Passive sensor monitoring could provide additional information about daily functioning that is not subject to self-
report bias and subtle changes might stay unnoticed of not measured by a sensor.
, 4
Cognitive assessment using virtual reality
Virtual reality (VR) includes a wide scale of technologies and devices to assess manipulation of objects in a virtual
space (usually 3D) and time. VR was first used as a digital version of traditional paper-and-pencil tasks. VR could
offer an environment that better represented everyday life. A VR version of the Wisconsin Card Sorting Test
(WCST) led to poorer performance, but the patients enjoyed the VR version more than the traditional version. VR
may have provided more distractions; a benefit of this is that it improves the ecological validity of the VR version: it
is better at measuring cognitive abilities with real-world interruptions. Adding controlled distractions to testing
might improve ecological validity even more. Including of these controlled distractions might give researchers a
better understanding of the influence of external stimuli on cognitive performance in real-world scenarios. These
simulated external stimuli could be used to learn more about distractibility and attentional lapses. For example,
this is used in attention deficit research in which children have to complete standardized neuropsychological tests
in a virtual classroom with distractions. Research has shown that this form of testing better classified children with
ADHD.
Virtual simulations of everyday tasks (e.g., driving a car or doing the groceries) provides a safe and controlled
environment to assess functional capabilities.
- VR driving simulators have been used to study driving in clinical populations (e.g., dementia, brain injury
and spinal cord injury). There is still discussion about what conclusions can and cannot be drawn from VR
driving simulators: basic knowledge about driving abilities from VR should be combined with other
assessments.
- Virtual Multiple Errands Tests (VMET) were developed to assess frontal lobe lesions. The participant
navigates through a virtual supermarket to obtain items from a given shopping list. Simultaneously, the
participant has to obtain information and obey rules. These tests are useful to evaluate performance of a
complex task in a safe and controlled setting.

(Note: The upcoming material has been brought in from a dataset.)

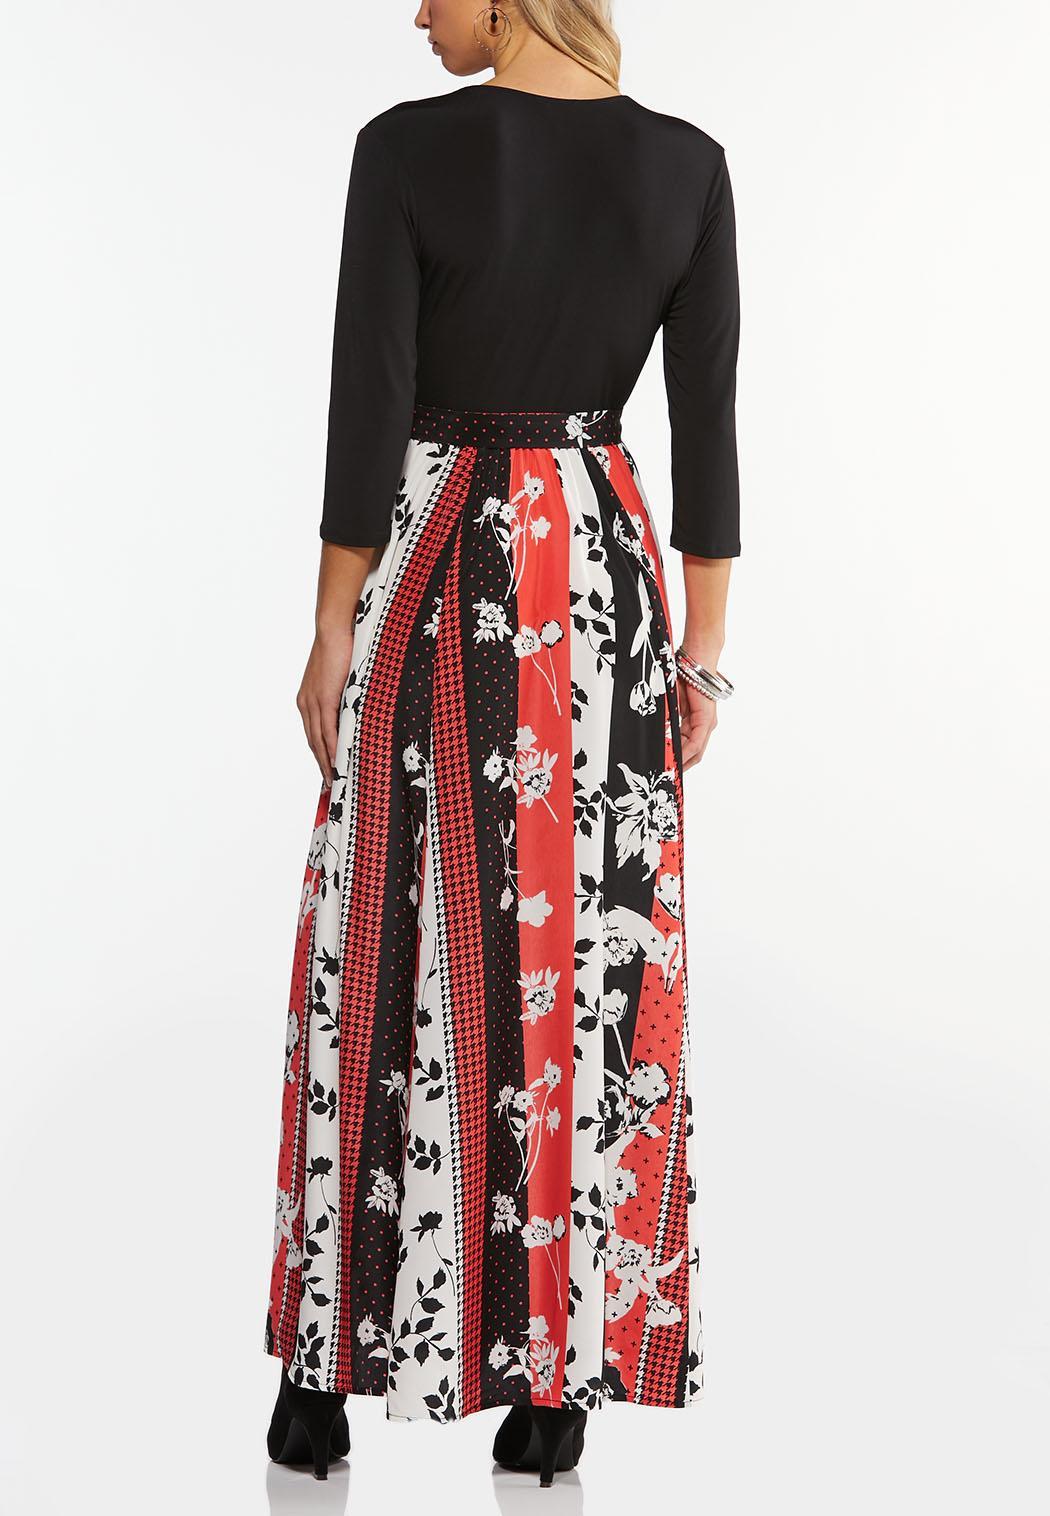 Petite Spice Floral Maxi Dress (Item #44466981)

- A computer-simulated kitchen in which the participant had to prepare a meal. This assessment showed
satisfactory construct validity and test-retest reliability.
Important note: one should not just assume that a VR version of an analog test measures exactly the same
cognitive constructs as the analog version, because digitizing an analog test can alter the nature of the task.
Strengths of computer-based cognitive assessment
- Current computerized assessments show comparable reliability and validity to analog measures, when
used with appropriate normative data.
- Algorithm design.
- Increased ease of administration and standardization (e.g., less errors in scoring and interpretation).
- VR provides the possibility to customize the virtual environment to specific target populations and to
influence environmental stimuli (improved ecological validity).
- Additional cognitive and behavioral information can be obtained and data can be obtained more precisely,
compared to paper-and-pencil tasks.
- Computer-based assessment could improve inter-rater reliability.
- Computer-based assessment enables longitudinal monitoring of daily activity performance.
Weaknesses of computer-based cognitive assessment
- Variations in computer hardware (e.g., speed of a computer). Equipment can vary by laboratory or user.
- Limited information on psychometric and normative properties for different clinical populations.
- Internal and ecological validity, test-retest reliability and utility for various populations need to be assessed
and improved.
- Physiological concerns about VR use (e.g., motion sickness). The influence of motion sickness on
cognitive performance has yet to be studied.
- Using VR technology is new for most patients and the novelty might alter behavior.
- VR is subject to great individual variability (e.g., differences in computer experience, learning and
adaptation, enjoyability of the experience).
- VR is a relatively high-cost form of assessment.